In mid-2015 I wrote about an emerging trend where data from wearable mobile devices was being used in the courtroom (nydailyrecord.com/2015/08/14/legal-loop-wearable-tech-data-as-evidence-in-the-courtroom/). In that column I discussed two cases where Fitbit data was used: one where it was offered as evidence to support a personal injury claim and the other where it was used to disprove a complainant’s rape allegations.

Since then, I was unaware of any other reports involving the use of Fitbit or other wearable data being used in a criminal case until last week, when a new case was reported where Fitbit data and other digital evidence was used to support the prosecution of a criminal matter (www. courant.com/news/connecticut/hc-ellington-murder-fit-bit-2017 0422-story.html). This case is particularly interesting since there was so much digital data used by the prosecution to refute the defendant’s version of the events leading to his wife’s death.
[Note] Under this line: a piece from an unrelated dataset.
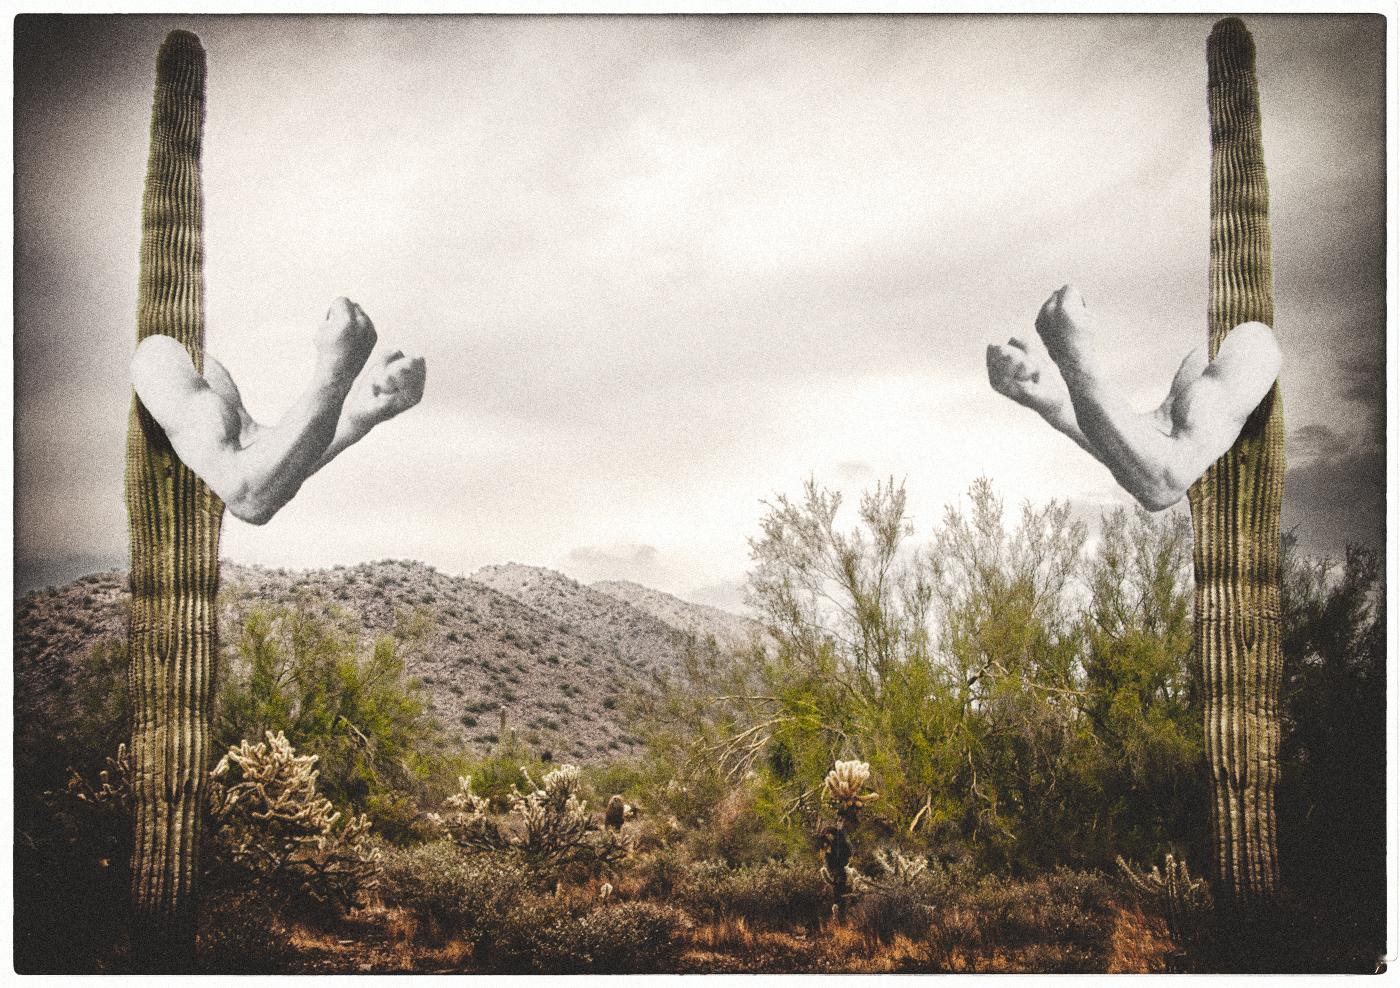 desert-cactus copy.jpg

In this case, the defendant claimed that his wife had been killed by an intruder and he provided a very detailed version of events leading to her shooting. He alleged that while he was driving to work one morning, he received an alert on his cellphone indicating that his home’s burglar alarm had gone off. So he emailed his boss using his cellphone and indicated he’d be late to work. He then drove home, arriving at approximately 9 a.m., at which point he encountered an intruder with whom he engaged in a struggle.

During the short altercation, he heard his wife come in the garage door and yelled at her to run. He tried to fight off the intruder, but was briefly incapacitated. The defendant then ran after the intruder only to see him shoot and kill his wife. The intruder then incapacitated the defendant again and left their home, at which point the defendant managed to make his way to his car keys, even though he was partially tied up, and activated the panic button for the home’s alarm system.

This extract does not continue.